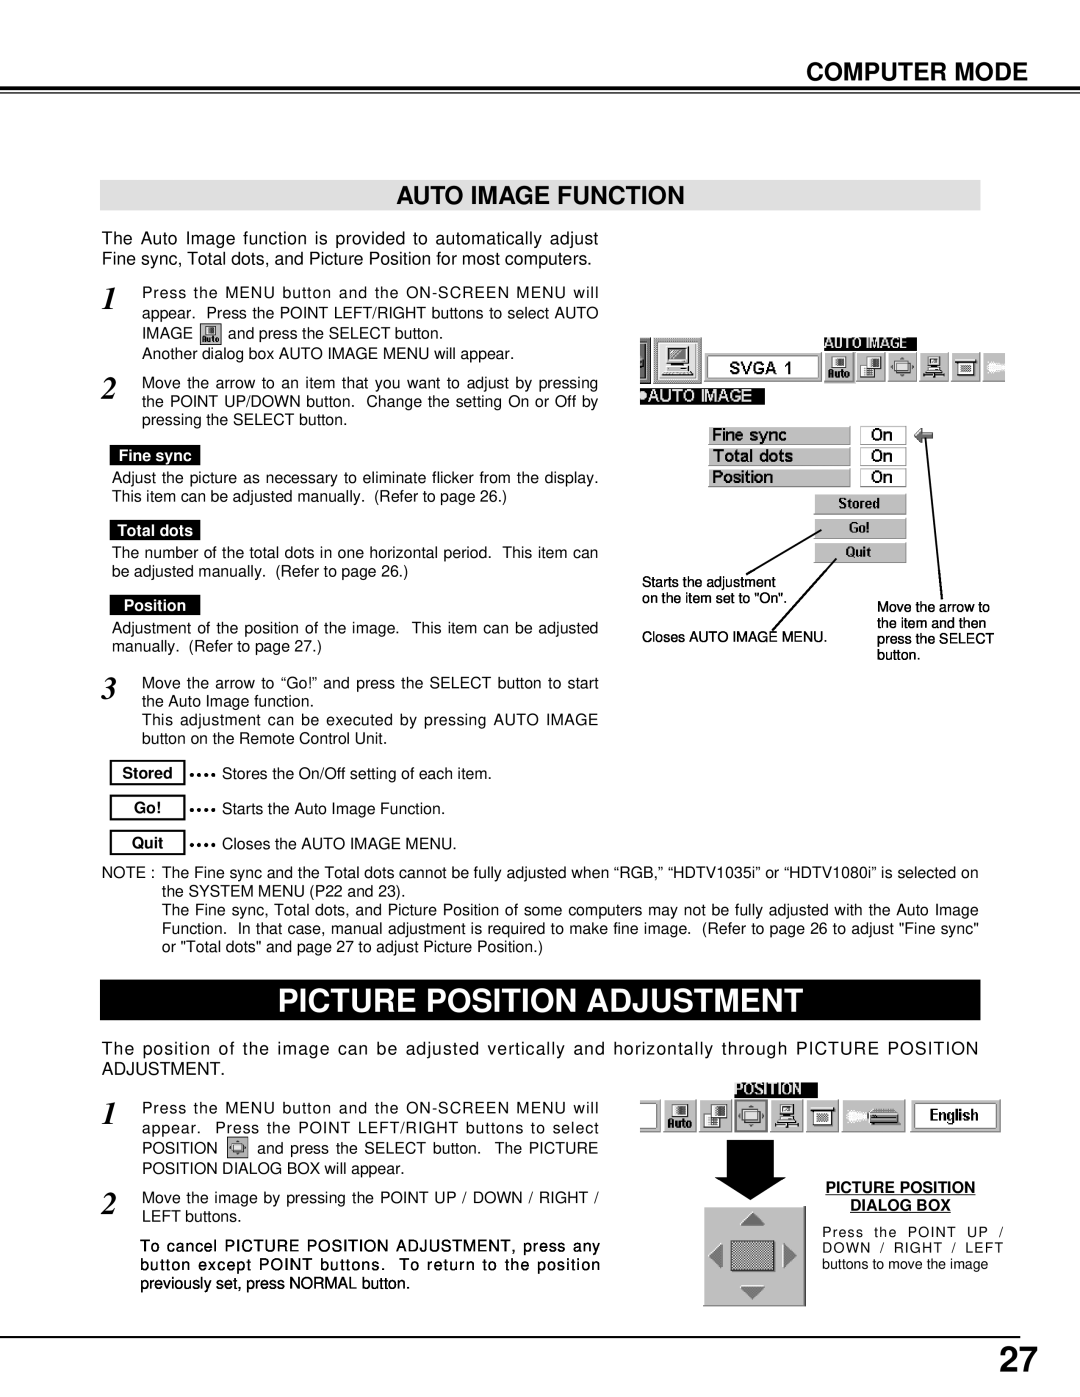 Canon 5100 owner manual Picture Position Adjustment, Computer Mode Auto Image Function, Fine sync, Total dots 
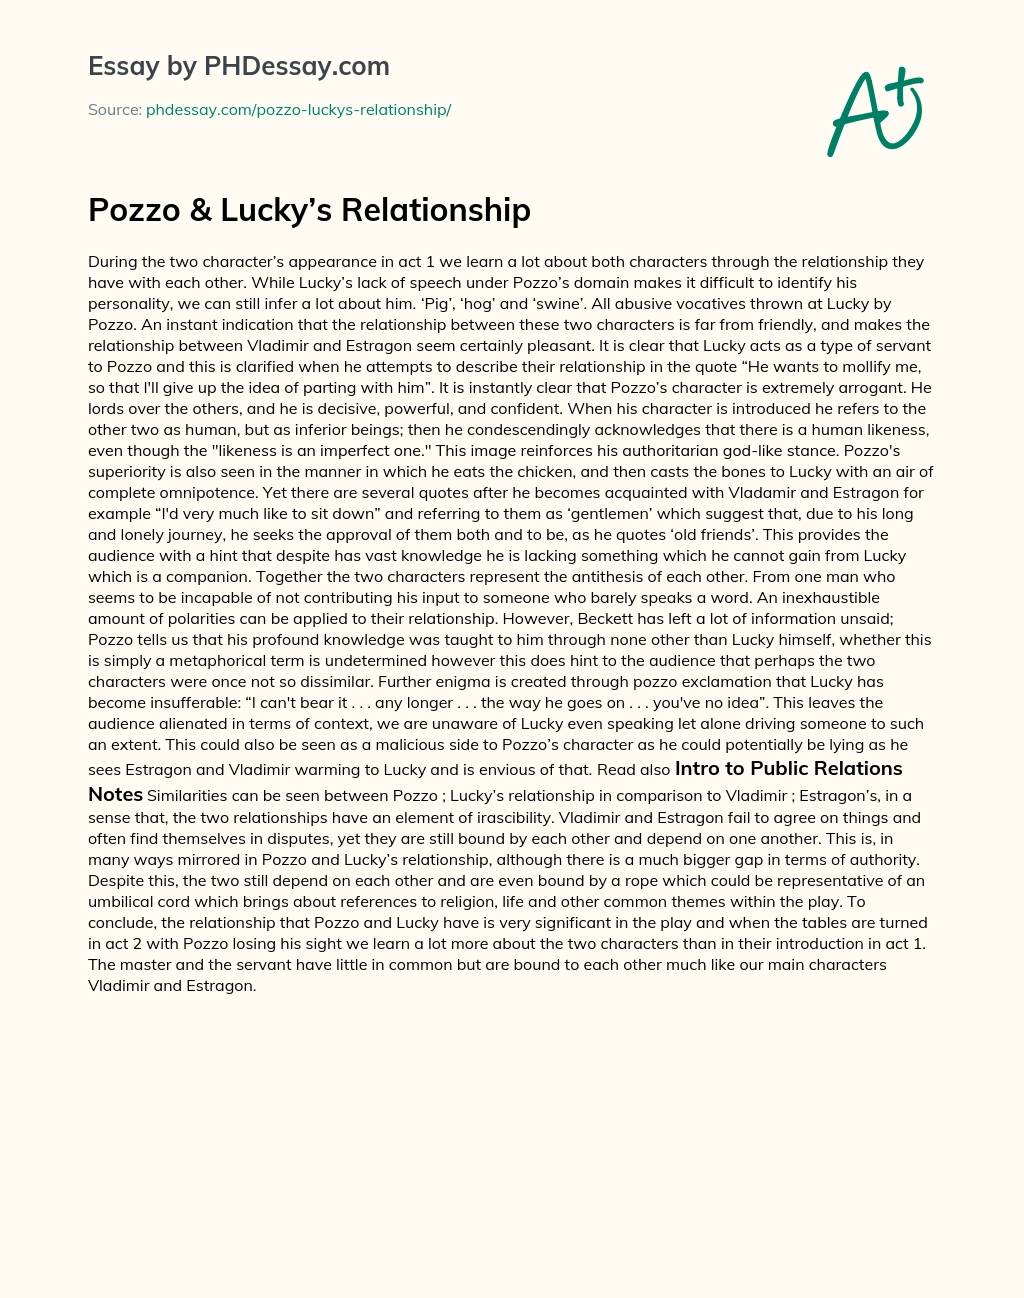 Pozzo & Lucky’s Relationship essay
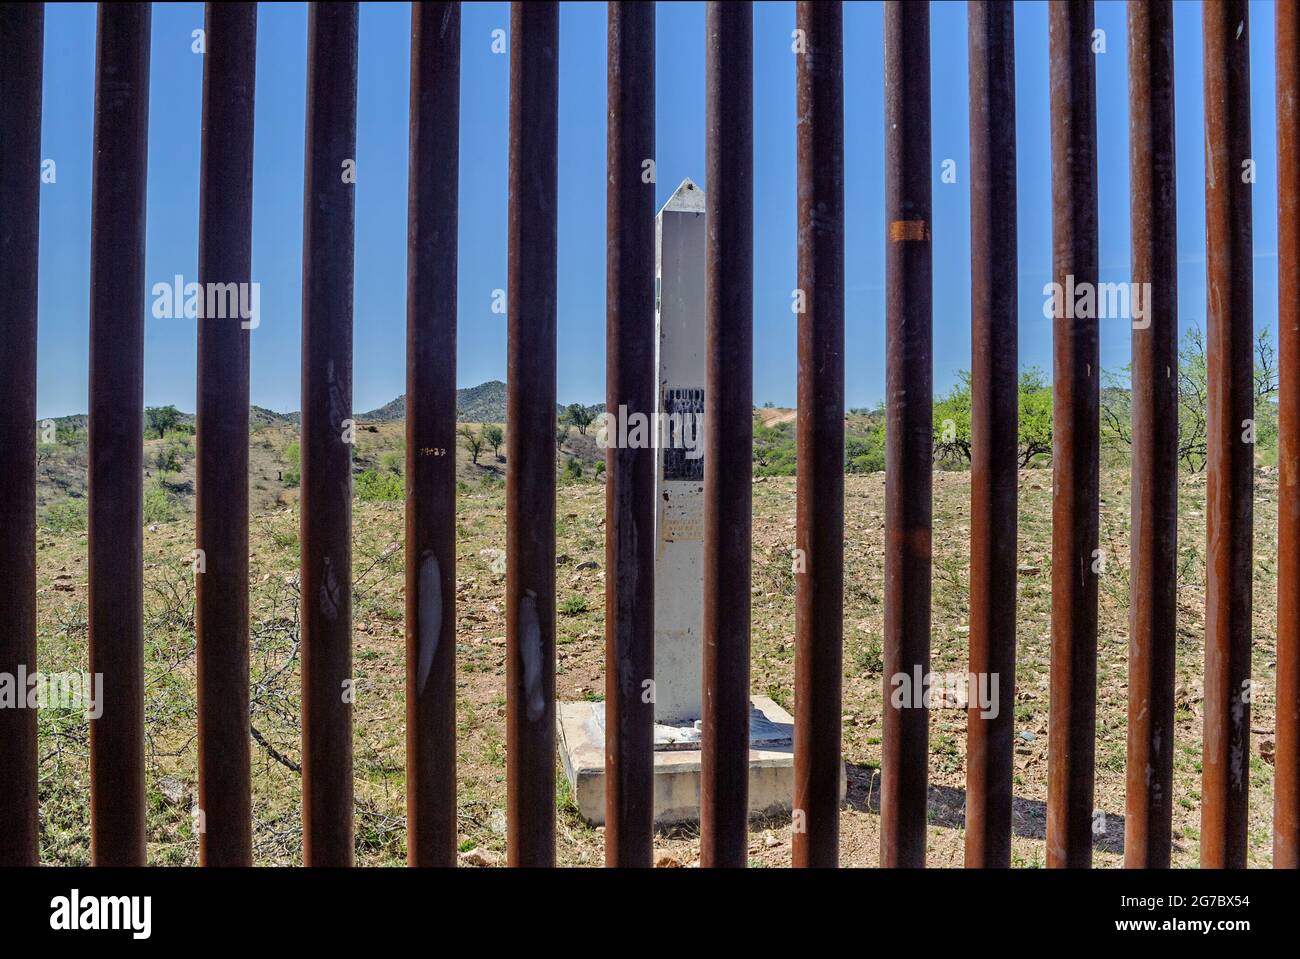 Image shows US border fence and white historic boundary monument on the Mexico border, west of Nogales Arizona and Nogales Sonora Mexico . This type o Stock Photo

========================================

Work order:
Produce the full material again verbatim, with the pictures dropped.

Task output:
 Canon 5100 owner manual Picture Position Adjustment, Computer Mode Auto Image Function, Fine sync, Total dots 
 Pozzo & Lucky’s Relationship essay
 Image shows US border fence and white historic boundary monument on the Mexico border, west of Nogales Arizona and Nogales Sonora Mexico . This type o Stock Photo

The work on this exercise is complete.